Abstract Neisseria gonorrhoeae (Ngo) is an obligate human bacterial pathogen that causes the sexually transmitted infection gonorrhea. Due to increasing rates of gonorrhea and increased antibiotic resistance, vaccines and new therapeutics are urgently needed. A promising strategy is targeting nutrient metal acquisition systems since they are usually conserved, expressed during infection, and essential for bacterial survival in vivo. Ngo undermines host metal restriction mechanisms by expressing outer membrane transporters to acquire essential metals from human metal-sequestering proteins such zinc from calprotectin and psoriasin and iron from lactoferrin and transferrin. However, many gene products that support Ngo growth in metal-limiting conditions remain uncharacterized. We found that the product of the ngo1049 gene is highly expressed in Ngo grown under zinc- limiting conditions. Ngo1049 is conserved among pathogenic Neisseria, and bioinformatic analysis predicts that Ngo1049 is a metal-binding transferase localized in the periplasm. A Zur binding motif was identified upstream of ngo1049, suggesting expression is regulated by Zur (zinc uptake regulator), which represses expression in high zinc concentrations. ngo1049 transcripts are highly induced during Ngo infection of human endocervical cells, indicating a potential role for Ngo1049 in Ngo pathogenesis. Based on these findings, I hypothesize Ngo1049 is a Zur-regulated protein that facilitates zinc acquisition in metal-limited conditions at inflamed epithelial surfaces. To test this hypothesis, in this F31-Diversity submission I propose to determine the localization and regulation mechanism(s) of Ngo1049. Second, I will examine the contribution of Ngo1049 to zinc acquisition in metal-limiting conditions. Lastly, I will define how Ngo1049 enables Ngo survival at inflamed mucosal surfaces after exposure to epithelial cells and human immune cells that contain metal chelating proteins. By defining this new member of the Ngo metal regulon, my work will potentially point to new therapies for this antibiotic-resistant bacterium. Through its combination of bacterial physiology and genetics, biochemistry, and cellular microbiology, as well as the professional development opportunities available to me during my graduate training, this project will provide me with the background and expertise to pursue a career as the leader of an academic research laboratory in host-pathogen interactions.

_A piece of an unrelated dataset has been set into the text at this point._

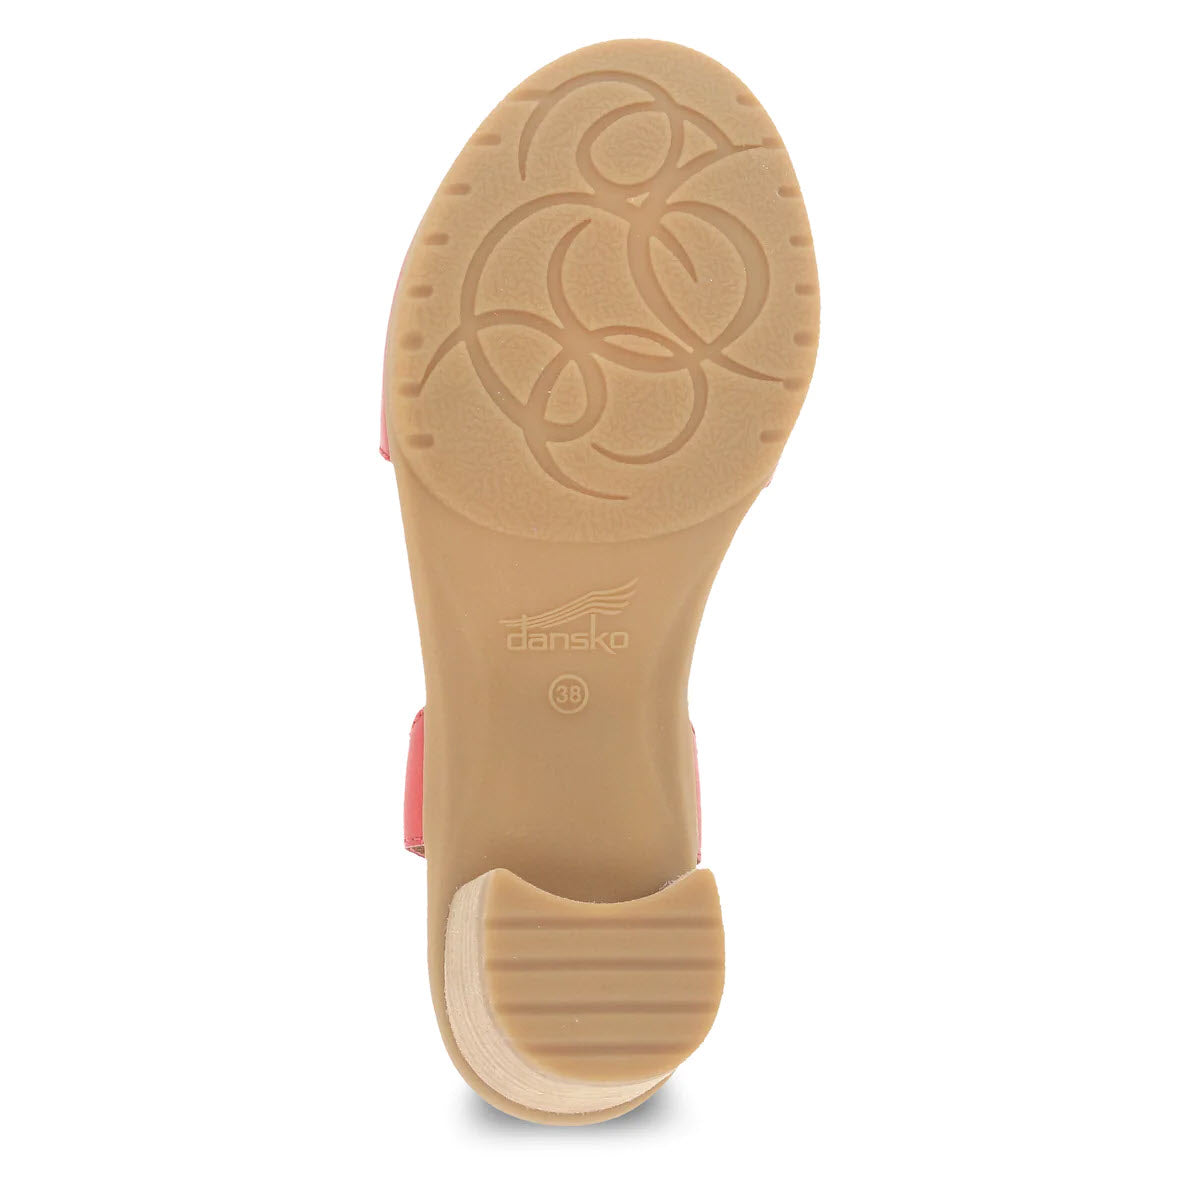 Bottom view of a comfortable heeled sandal showing a beige sole with circular patterns and the Dansko logo.

抽象的 Neisseria Gonorrhoeae（NGO）是一种强制性的人类细菌病原体，导致性传播 感染淋病。由于淋病的速率增加和抗生素耐药性，疫苗和新的 迫切需要治疗。有希望的策略是针对营养金属采集系统 通常是保守的，在感染期间表达，对于体内细菌生存至关重要。非政府组织破坏了 宿主金属限制机制通过表达外膜转运蛋白从 人金属序列蛋白来自钙染色蛋白和牛皮癣的锌和乳铁蛋白的铁和铁和铁 转铁蛋白。但是，许多支持金属限制条件下非政府组织增长的基因产品仍然存在 未表征。我们发现，NGO1049基因的乘积在锌下种植的非政府组织高度表达 限制条件。 NGO1049在致病性奈瑟菌中保守，生物信息学分析预测， NGO1049是局部局部局部的金属结合转移酶。在上游确定了Zur结合基序 NGO1049的表达是由Zur（锌摄取调节剂）调节的，该表达抑制了表达 高锌浓度。 NGO1049在人类宫颈的非政府组织感染期间高度诱导了成绩单 细胞，表明NGO1049在非政府组织发病机理中的潜在作用。根据这些发现，我假设 NGO1049是一种由ZUR调节的蛋白 上皮表面。为了检验这一假设，在此F31多样性提交中，我建议 NGO1049的定位和调节机制。其次，我将研究NGO1049对锌的贡献 在金属限制条件下采集。最后，我将定义NGO1049如何使NGO生存在发炎时 暴露于上皮细胞和含有金属螯合蛋白的人类免疫细胞后的粘膜表面。 通过定义非政府组织金属法规的新成员，我的工作有可能指向新的疗法 抗生素耐药细菌。通过细菌生理学和遗传学，生物化学和 蜂窝微生物学，以及我毕业期间可为我提供的专业发展机会 培训，这个项目将为我提供背景和专业知识，以追求职业 宿主病原体相互作用的学术研究实验室。